Task prompt: Copy the listing below in full and skip every picture.
^^^^
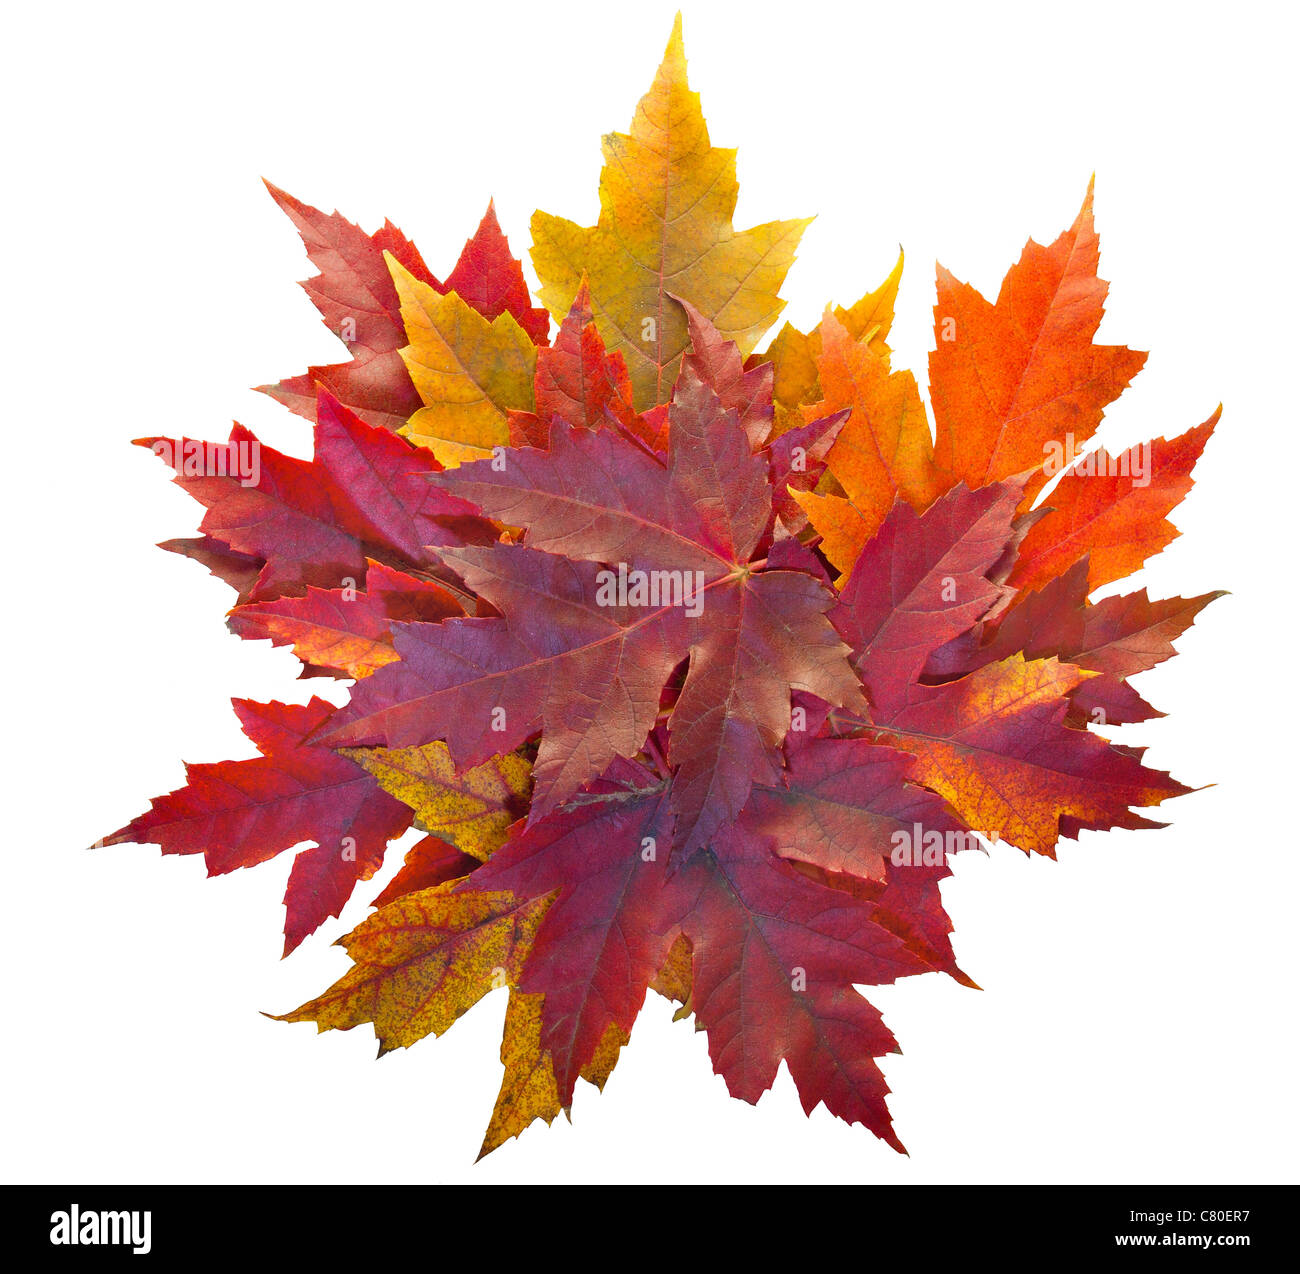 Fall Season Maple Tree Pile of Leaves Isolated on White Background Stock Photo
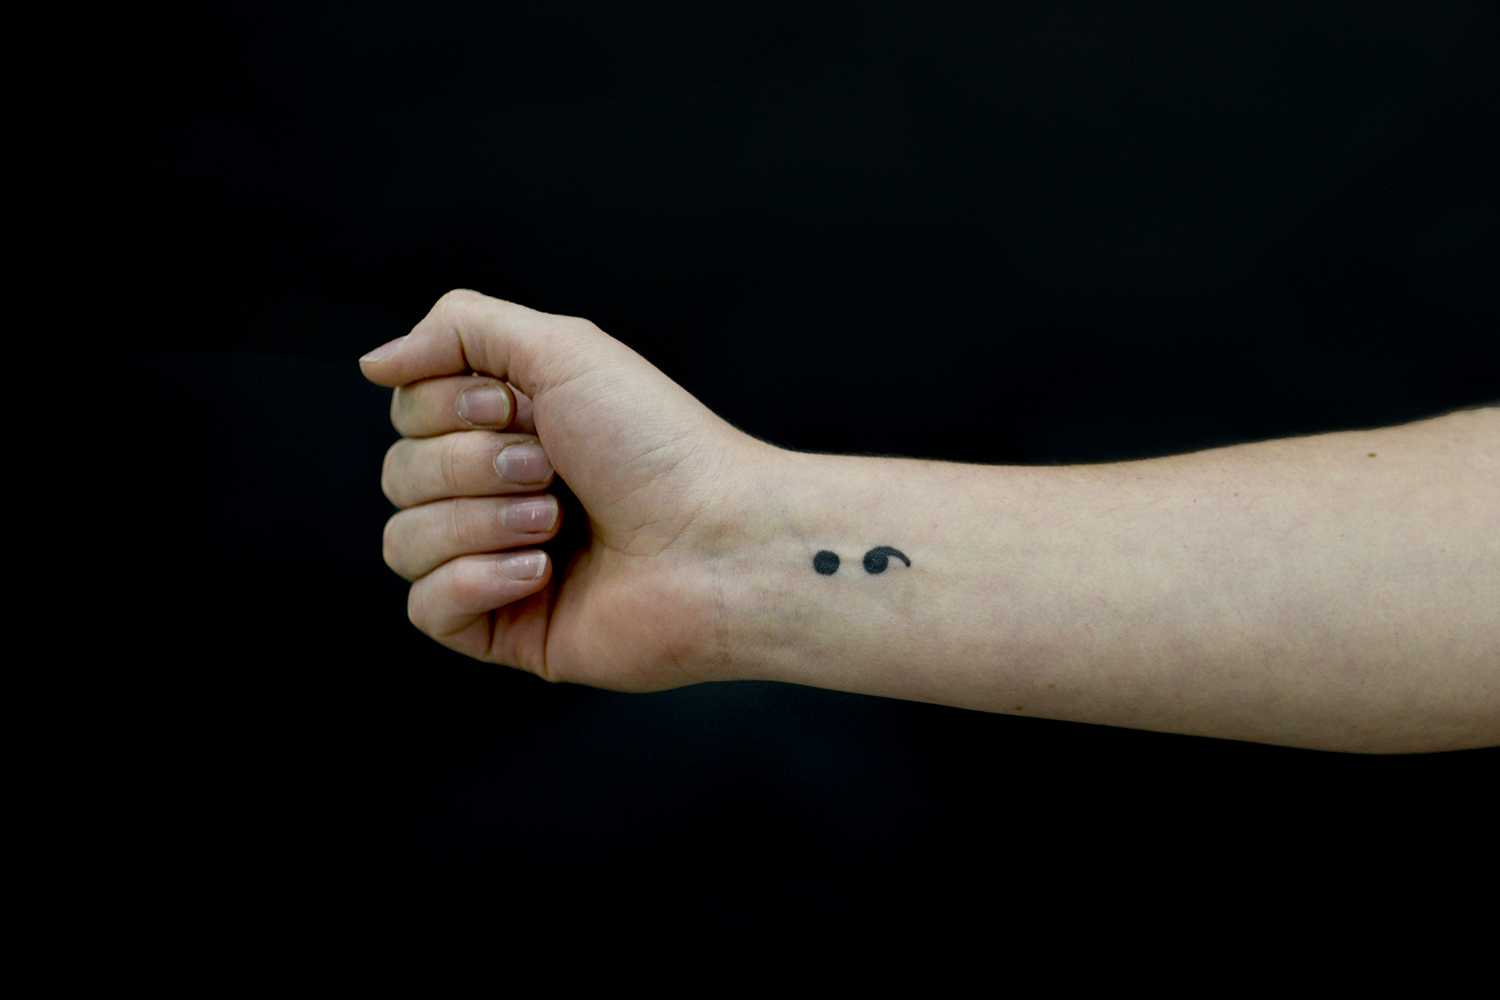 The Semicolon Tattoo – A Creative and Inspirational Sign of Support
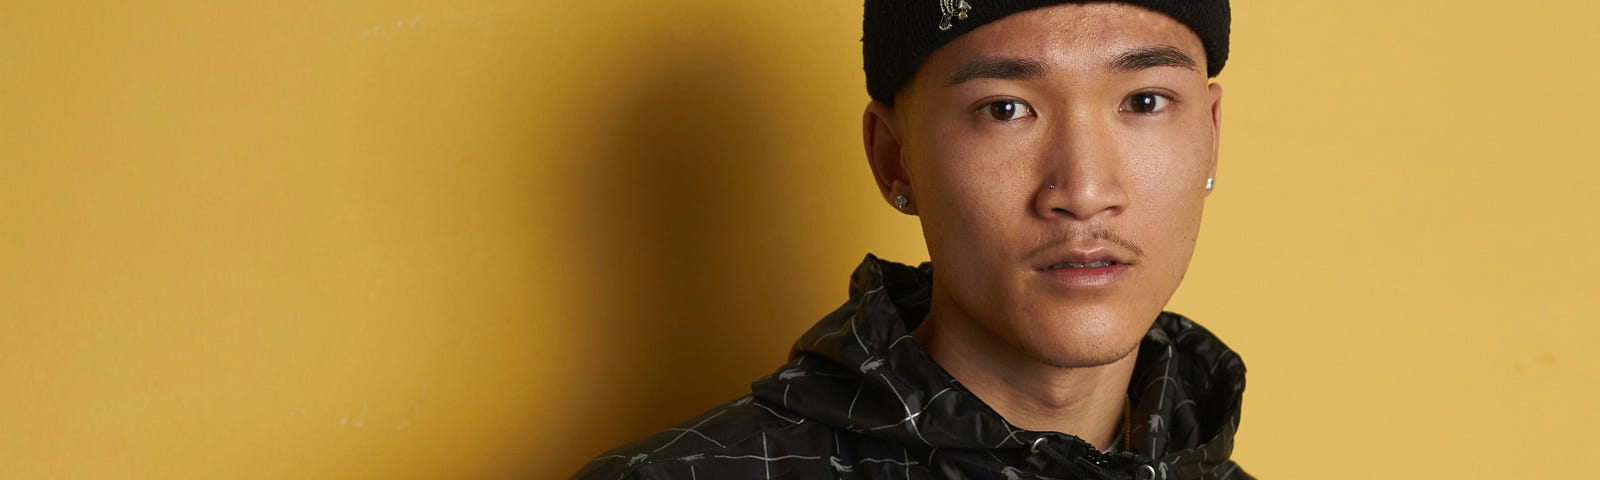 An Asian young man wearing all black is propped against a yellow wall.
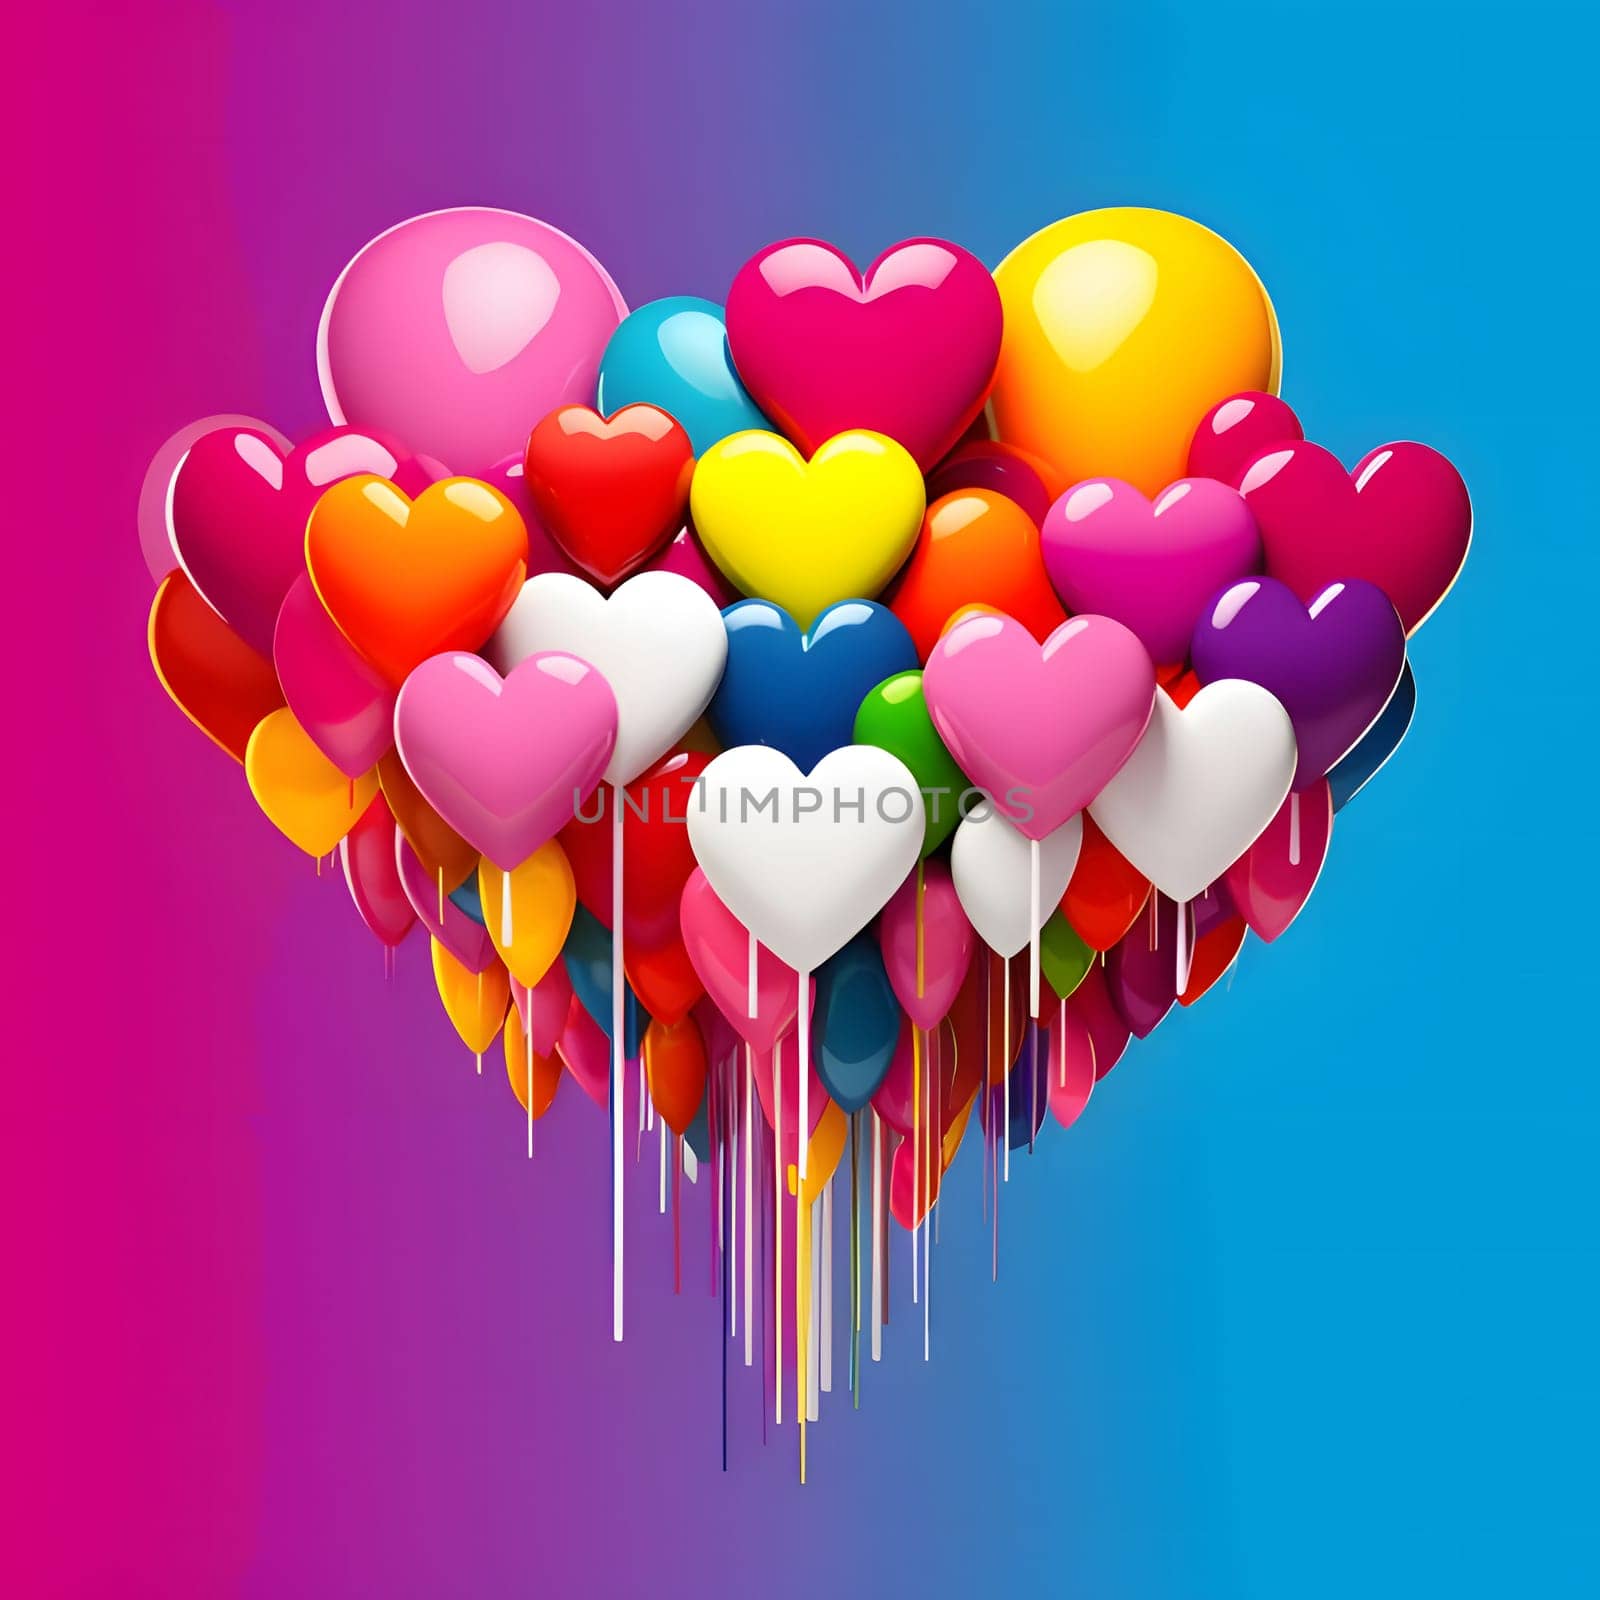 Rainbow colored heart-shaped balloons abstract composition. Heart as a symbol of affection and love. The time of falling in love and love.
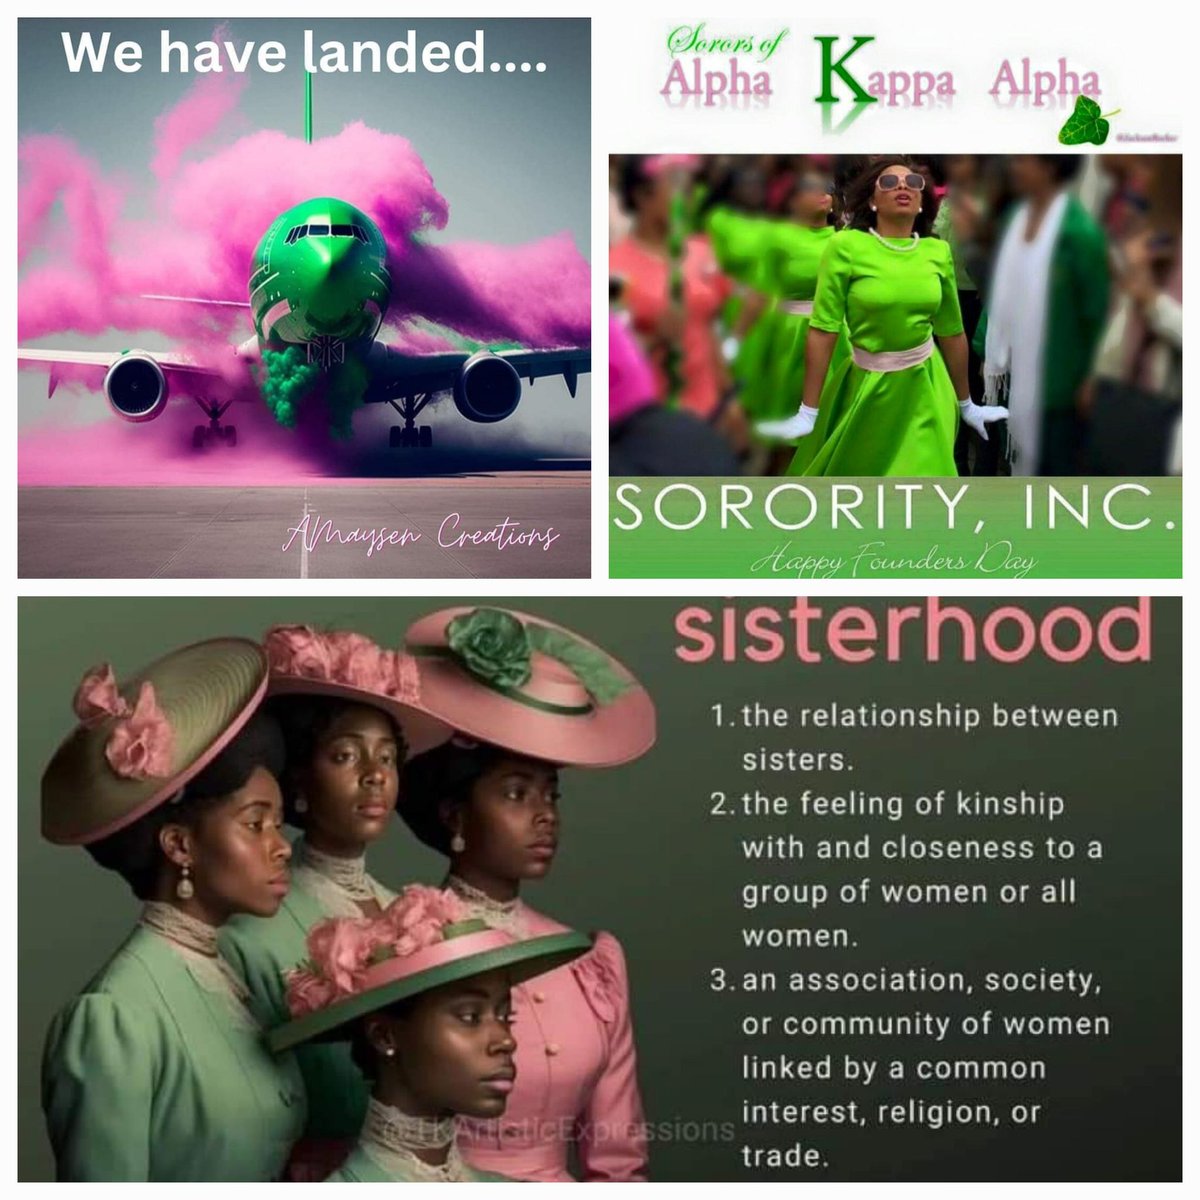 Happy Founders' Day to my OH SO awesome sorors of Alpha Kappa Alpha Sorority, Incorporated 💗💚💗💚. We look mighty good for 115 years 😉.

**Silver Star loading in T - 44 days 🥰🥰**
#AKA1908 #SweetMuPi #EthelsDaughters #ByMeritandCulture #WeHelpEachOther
^^^^
Response to this exercise:
 Fall Season Maple Tree Pile of Leaves Isolated on White Background Stock Photo
 The Semicolon Tattoo – A Creative and Inspirational Sign of Support
 An Asian young man wearing all black is propped against a yellow wall.
 Rainbow colored heart-shaped balloons abstract composition. Heart as a symbol of affection and love. The time of falling in love and love.
 Happy Founders' Day to my OH SO awesome sorors of Alpha Kappa Alpha Sorority, Incorporated 💗💚💗💚. We look mighty good for 115 years 😉.

**Silver Star loading in T - 44 days 🥰🥰**
#AKA1908 #SweetMuPi #EthelsDaughters #ByMeritandCulture #WeHelpEachOther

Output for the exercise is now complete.